Social Networks, Political Weapons

Social Networks, Political Weapons

The Current Discussion: Egypt has detained a number of its citizens for using the social networking site Facebook to organize anti-government protests. What online sites are most effective in influencing politics — and is the impact positive?


Nobody can diminish the power of the new media, especially social networking sites, in setting and driving political agenda. Just examine how heavily two U.S. Democratic presidential candidates – Barack Obama and Hillary Clinton – have been using them to run their campaigns.


On the home pages of their official campaign web sites are links to personal pages on major social networking sites, including Facebook, Flickr, Twitter, MySpace and YouTube. These pages are acting as recruiting, fundraising and policy articulation platforms. It’s here that they’re socializing with their most passionate supporters, especially youth.


And by all measures, they’ve been very effective and successful in doing so. On Obama’s Facebook page, for instance, about 850,000 supporters have signed up and more are enlisting as he moves to clinch the Democratic Party nomination. On his MySpace page, the scenario is the same. He has built an army of young supporters, by the way, not only from the U.S. but the rest of the world.


To further reinforce the pivotal role social networking sites are playing in politics, the New York Times yesterday reported how Hillary Clinton used the social networking site Twitter to rally supporters in Oregon and Kentucky to vote for her. She complained that the mainstream media had ignored her.
One would attribute the effectiveness of social networking sites as tools for political activism in the U.S. to the existence of democratic culture where the government doesn’t muzzle free speech. Security agencies don’t poke their noses to what people are doing online: there’s virtually no policing of individuals using the net for political activities.


Additionally, it’s highly convenient to use the internet for political advocacy owing to its availability and accessibility. It’s estimated that internet penetration in the U.S. stands at 42 per cent, the highest in the entire world. This is compared to a paltry 4.7 per cent in Africa. .

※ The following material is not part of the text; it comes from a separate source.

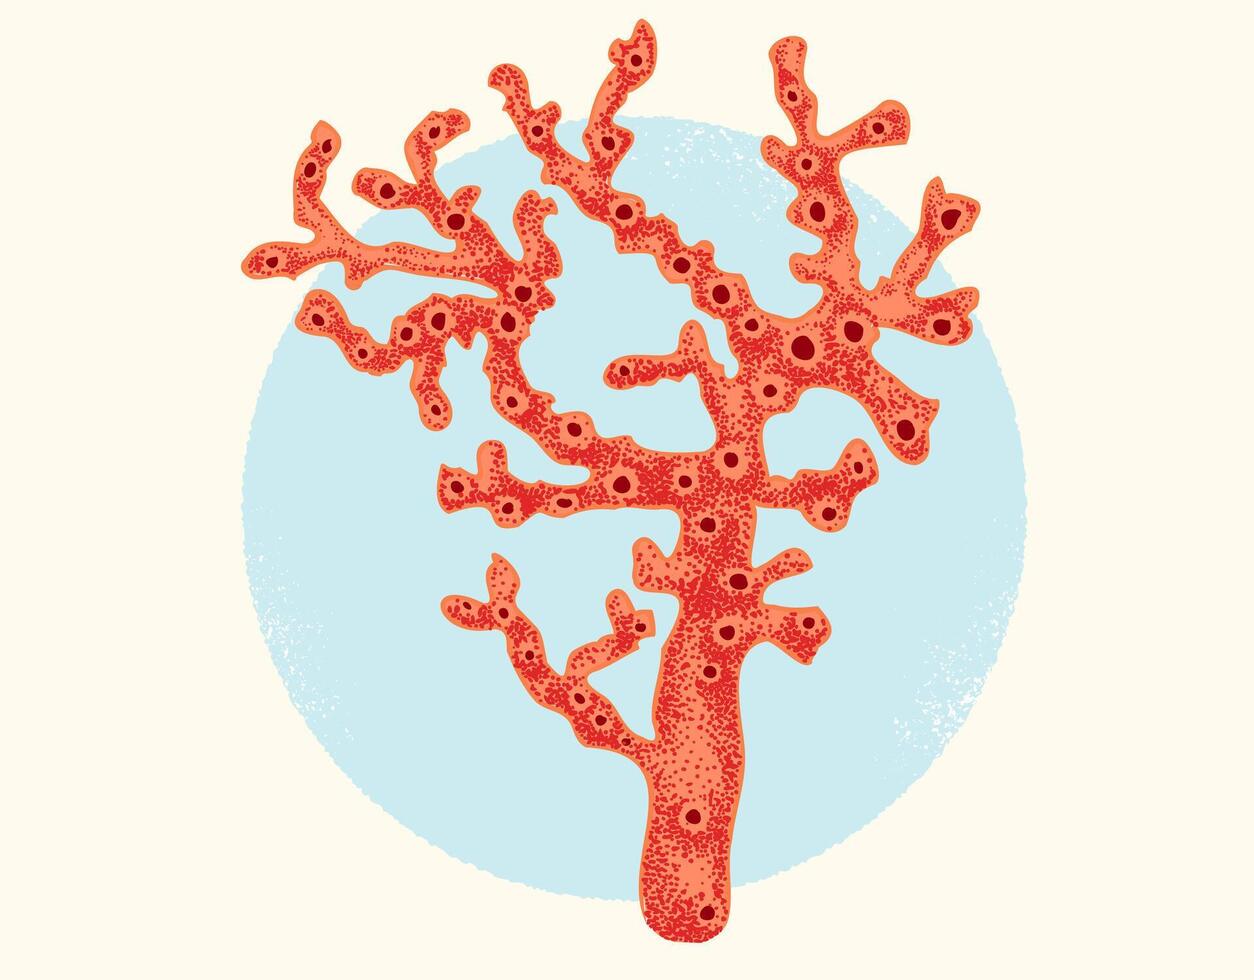 årgång illustration av röd korall. retro affisch med röd korall på blå bakgrund. vektor

With all this buzz of social networking sites playing a central role in political campaigns, totalitarian regimes, such as the one in Egypt and Saudi Arabia (where a blogger was recently incarcerated for four months for “threatening state security”) have every reason to feel paranoid about young people falling onto the internet for political expression. They’ll interpret this as a threat to their power. They’d therefore like to tighten the noose around anybody intent of using the net for political expression.


The million-dollar question, now, is whether this heavy-handedness on net users will force them to acquiesce. Personally, I doubt they will. The net police, as they’re called in repressive countries, will have to emasculate every web-savvy youngster for their net censorship campaign to succeed. Their efforts will fail because real mobilization can take place beyond the geographical locations where censorship actually takes place.


Already, there are thousands of web-based activist organizations championing such causes as the war in Darfur and the pro-independence movement in Tibet. There’s a Students for a Free Tibet Facebook page with about 8,000 fans. Students, especially in the U.S., have been using Facebook to raise money for victims of Darfur violence and raising awareness about the atrocities going on there.


There is no doubt social networking sites will continue to become magnets for political activism in both democratic and less democratic countries.